Mary K. Spears, who has been a caregiver for more than 20 years and serves as president of the nonprofit My Places Community Events, which connects people who use home-based services, worries about more than just the physical impact on patients.

"Having the ability to walk in and see someone smile and greet you reduces that social anxiety we can all get when going into new things," Spears said.

She believes the psychological impact could be devastating.

"Death isn't the worst part,” Spears said. “Imagine knowing that if not for one thing, you would have everything good for your life, be able to live your life. And not only knowing what that's like, having that, and then having it taken away.”

Caregivers argue that cutting these programs could actually cost the state more money in the long run.

"We are cheaper. They pay us way less money than they have to pay an assisted living or any other facility they go to," Ute Hathaway explained.

RELATED | Idaho lawmakers weigh future of Medicaid expansion and its budget impact as session nears

Republican Representative Josh Tanner believes that HCBS is an essential program under Medicaid, but there is little flexibility in what gets cut.

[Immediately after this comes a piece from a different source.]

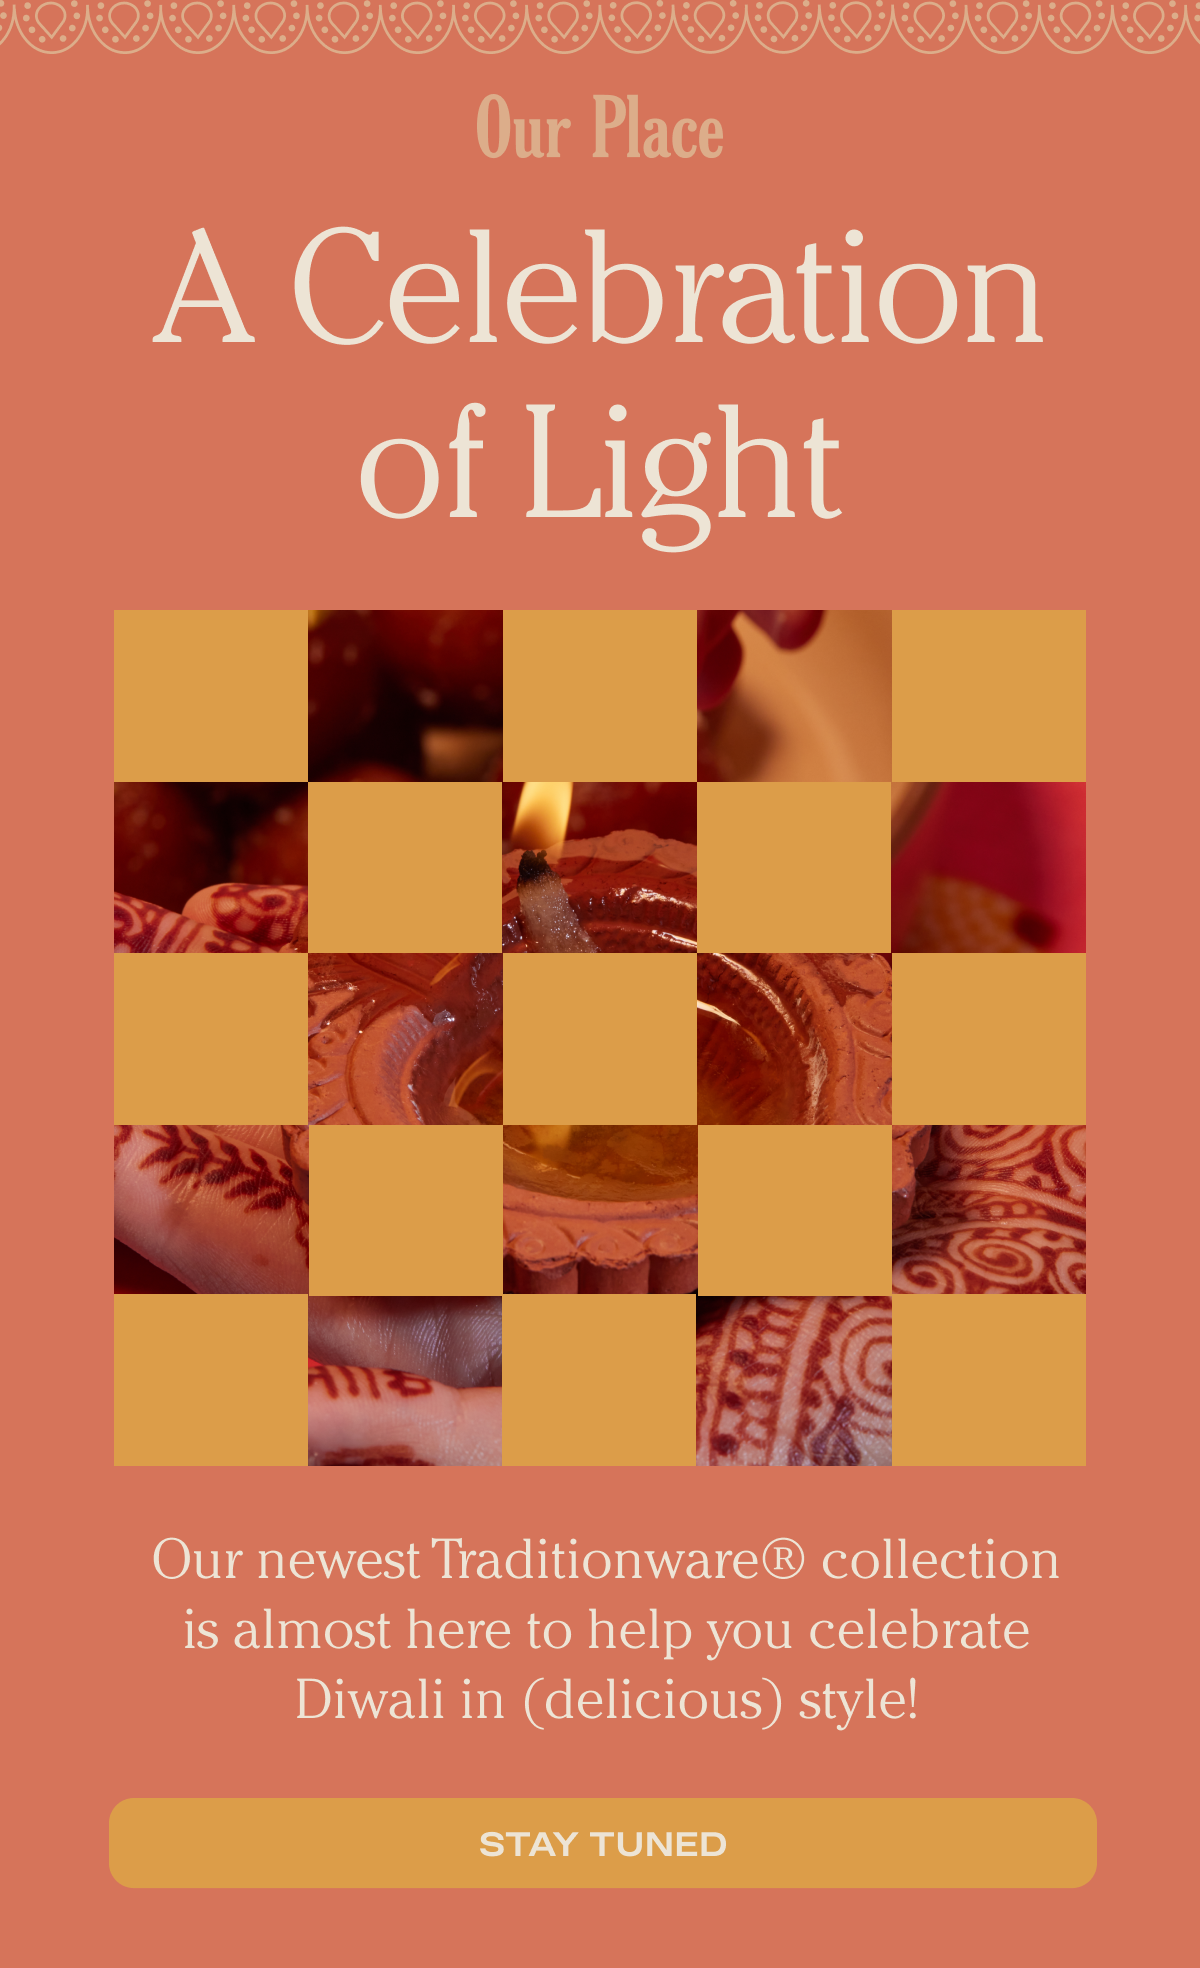 Our Place - A Celebration of Light - Our newest Traditionware® collection is almost here to help you celebrate Diwali in (delicious) style! - Stay Tuned

"The federal government hasn't given us the tools to kind of modify it for Idaho, the little tiny levers to pull. They give us massive levers. Either you can have the program, or you can't have the program," Tanner said. "If you get rid of everything else that you possibly can, you still have too large of a budget in there, then it's what, which one of those actually gets cut. I think that one is a really tough one if you were to actually try to cut that one.”

If services are cut, caregivers said the impact would be felt on both sides, by patients and by the workers who care for them.

"I hope I'm not going nowhere," Lafferty said. I would be so devastated."

The Hathaways, who have been providing care for 15 years, worry about their future employment prospects.

"I'm 60, my husband is 64, we're at the age now where it would be hard to find a job for us to work at our age," Ute Hathaway said.